What you return should be the full listing, copied exactly and stripped of its pictures.

> **THE DATA**
▼

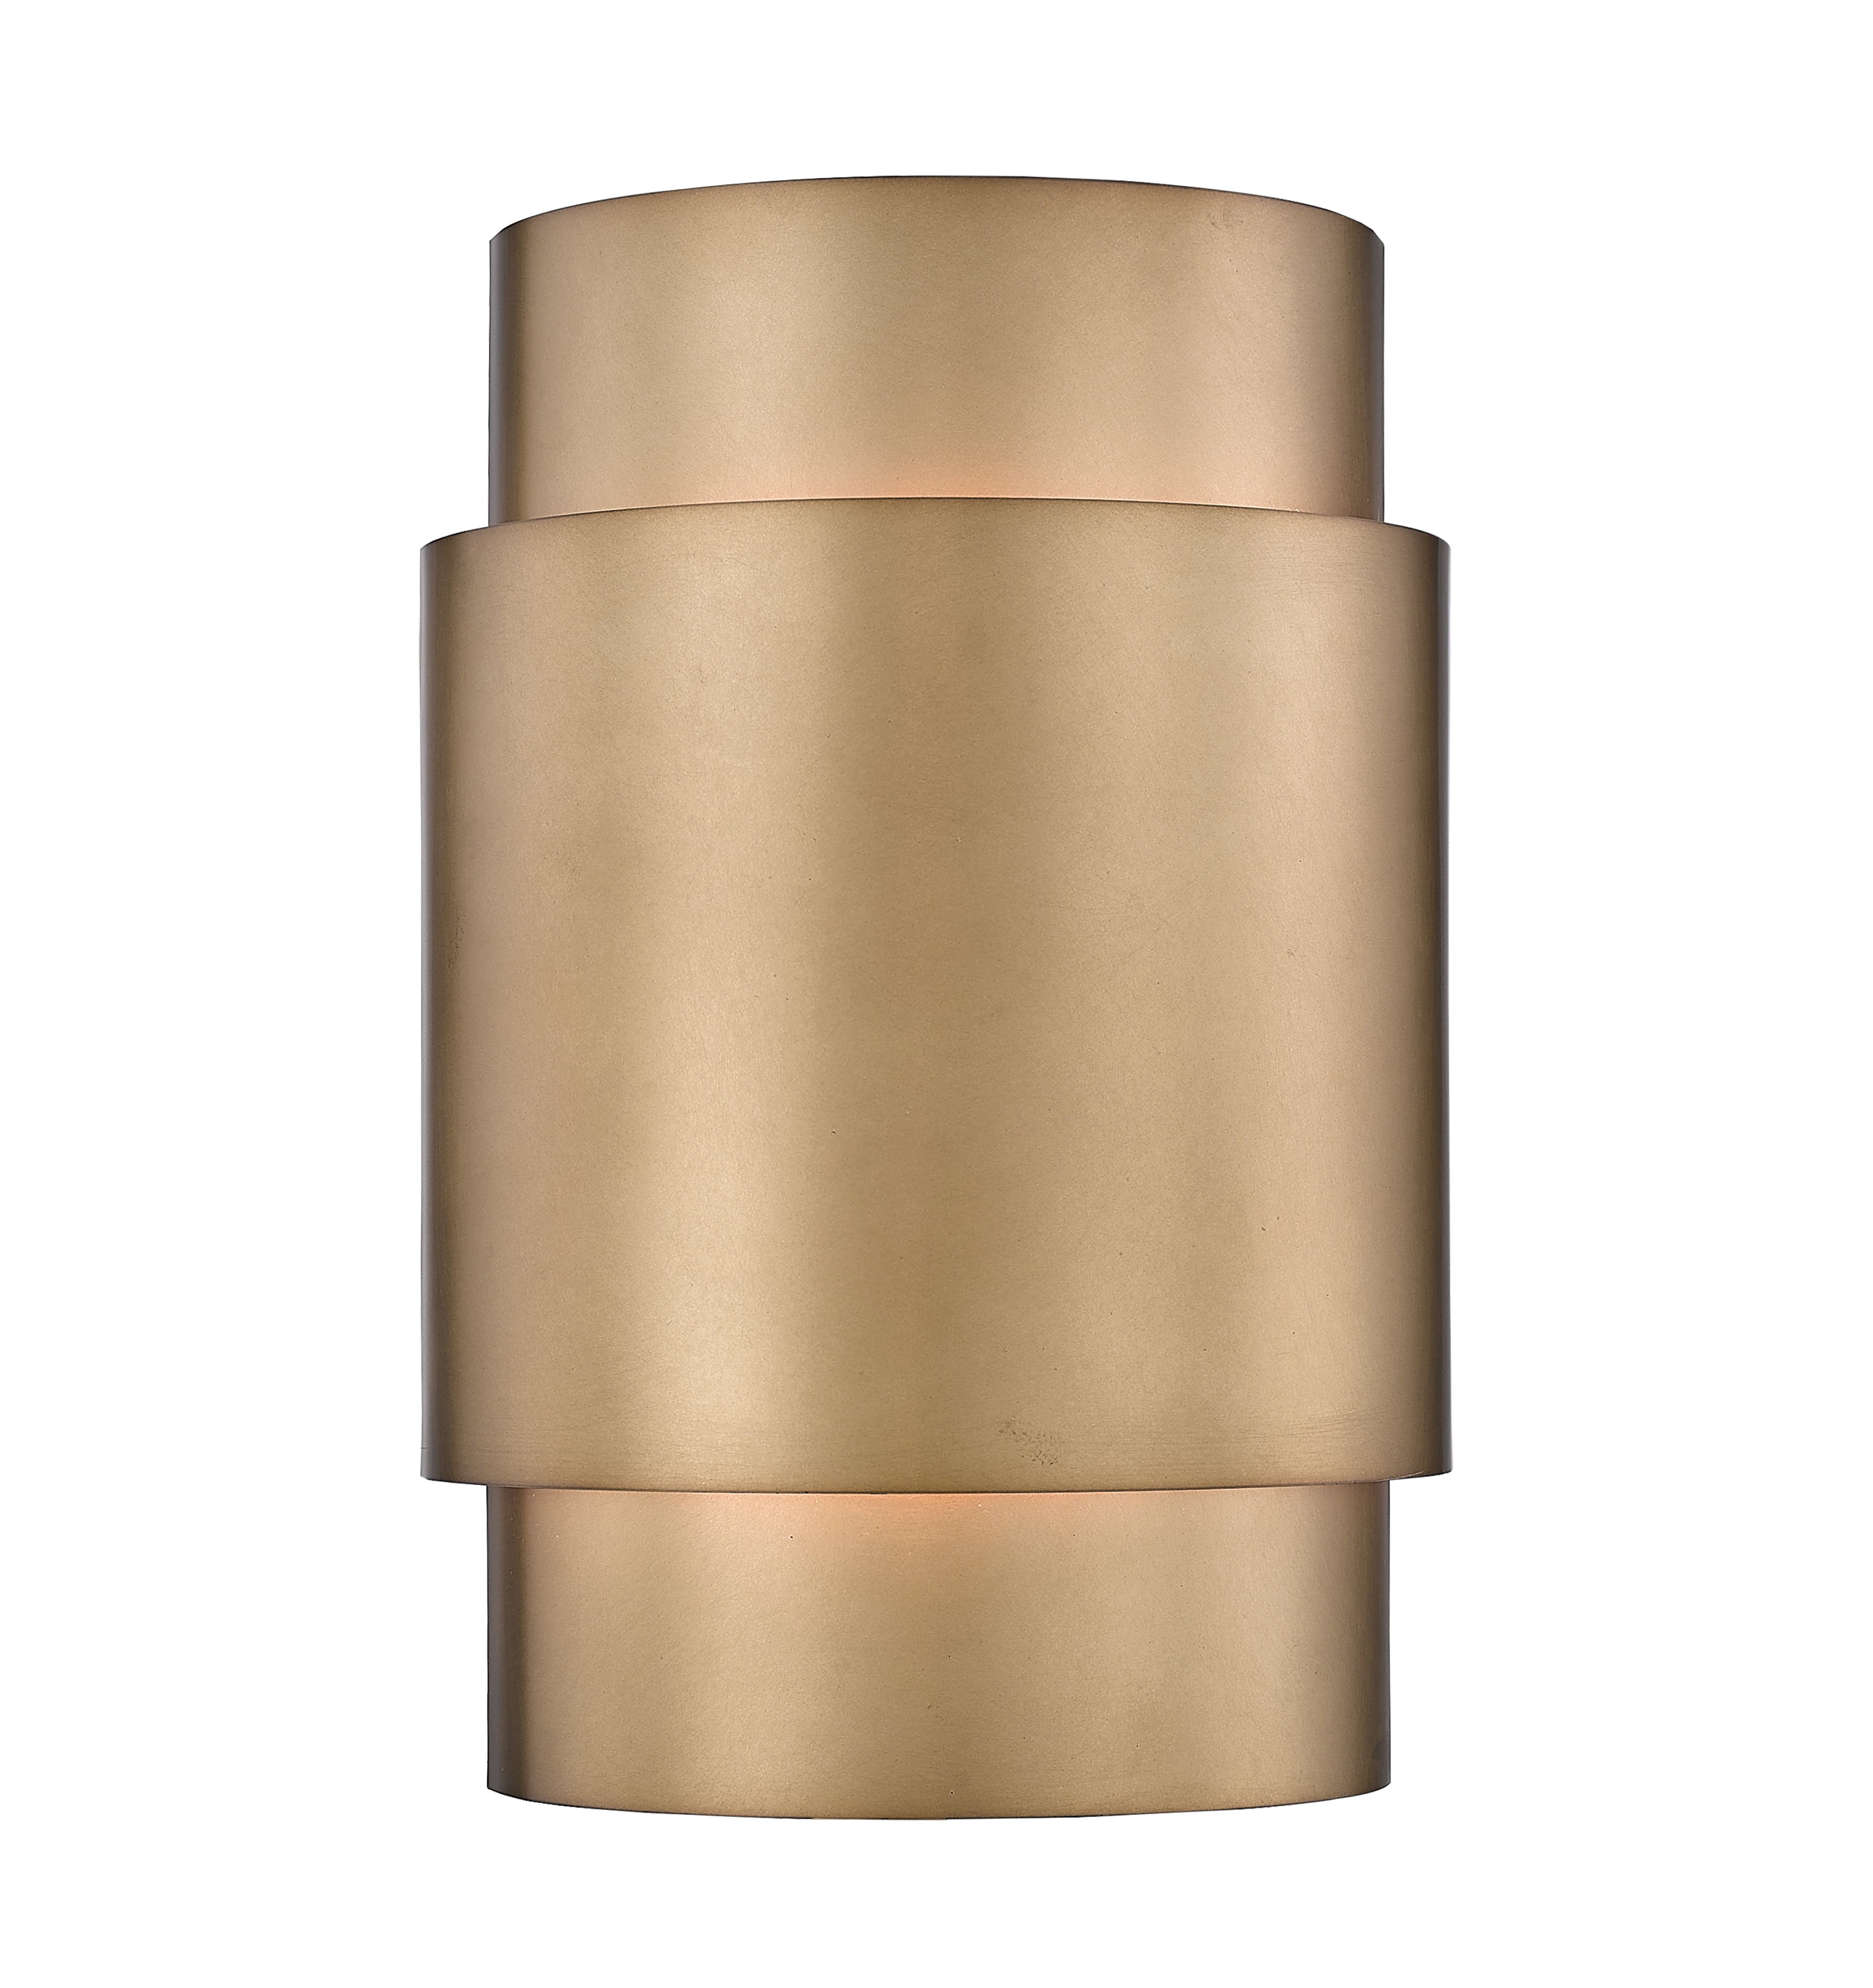 HARLECH Wall sconce Gold - 739S-RB | Z-LITE
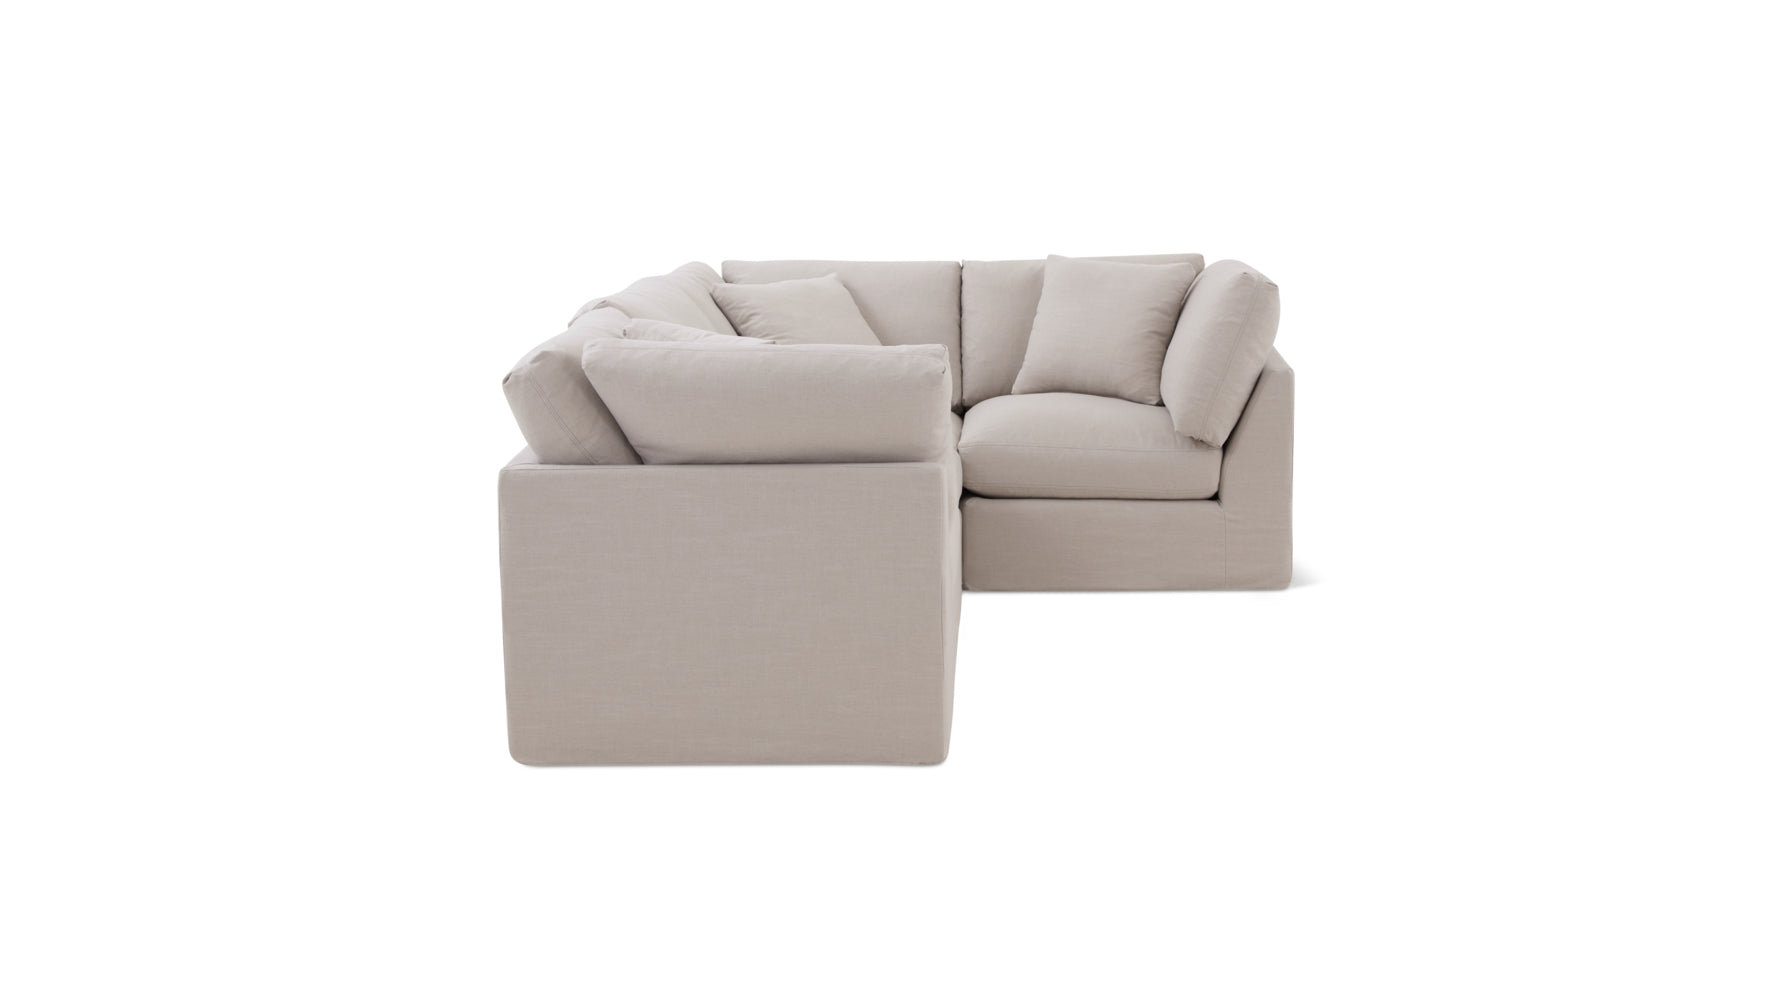 Get Together™ 4-Piece Modular Sectional Closed, Standard, Clay - Image 5
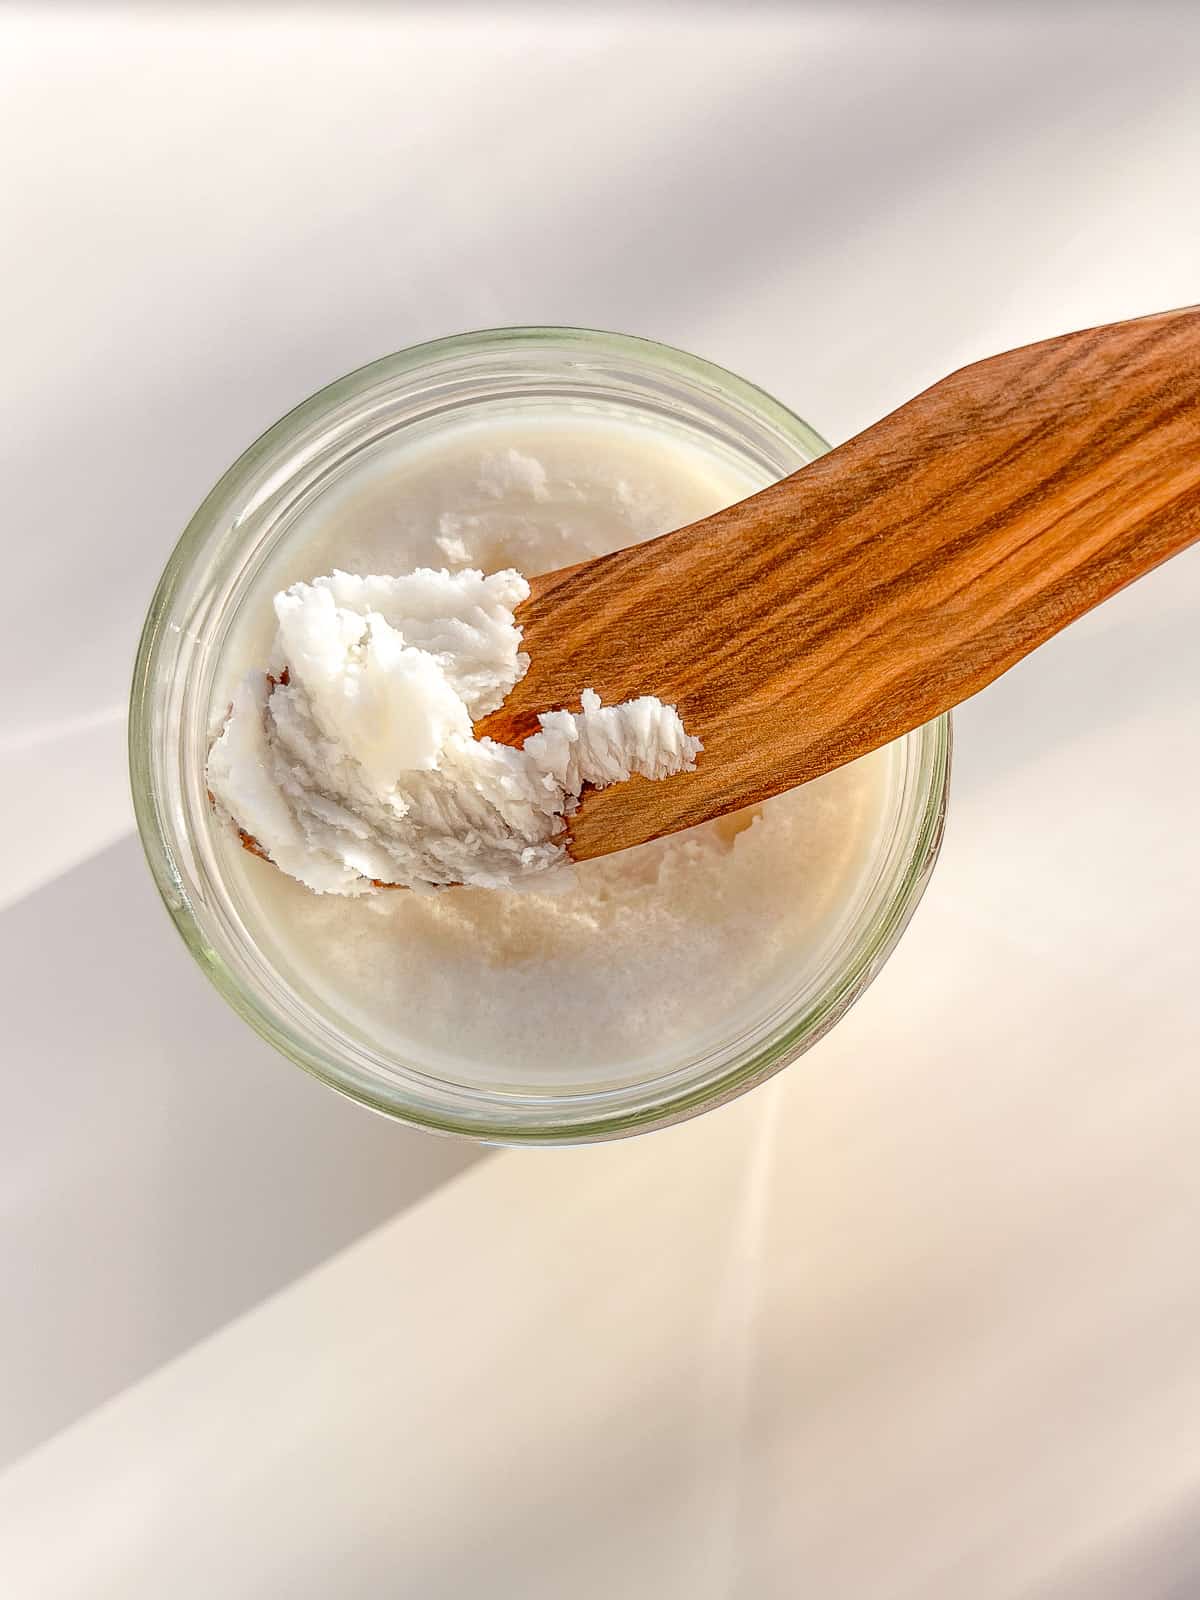 An image of coconut butter in a glass jar with a wooden spreader perched on top.

▲

> **EXERCISE ANSWER**
 HARLECH Wall sconce Gold - 739S-RB | Z-LITE
 Get Together™ 4-Piece Modular Sectional Closed, Standard, Clay - Image 5
 An image of coconut butter in a glass jar with a wooden spreader perched on top.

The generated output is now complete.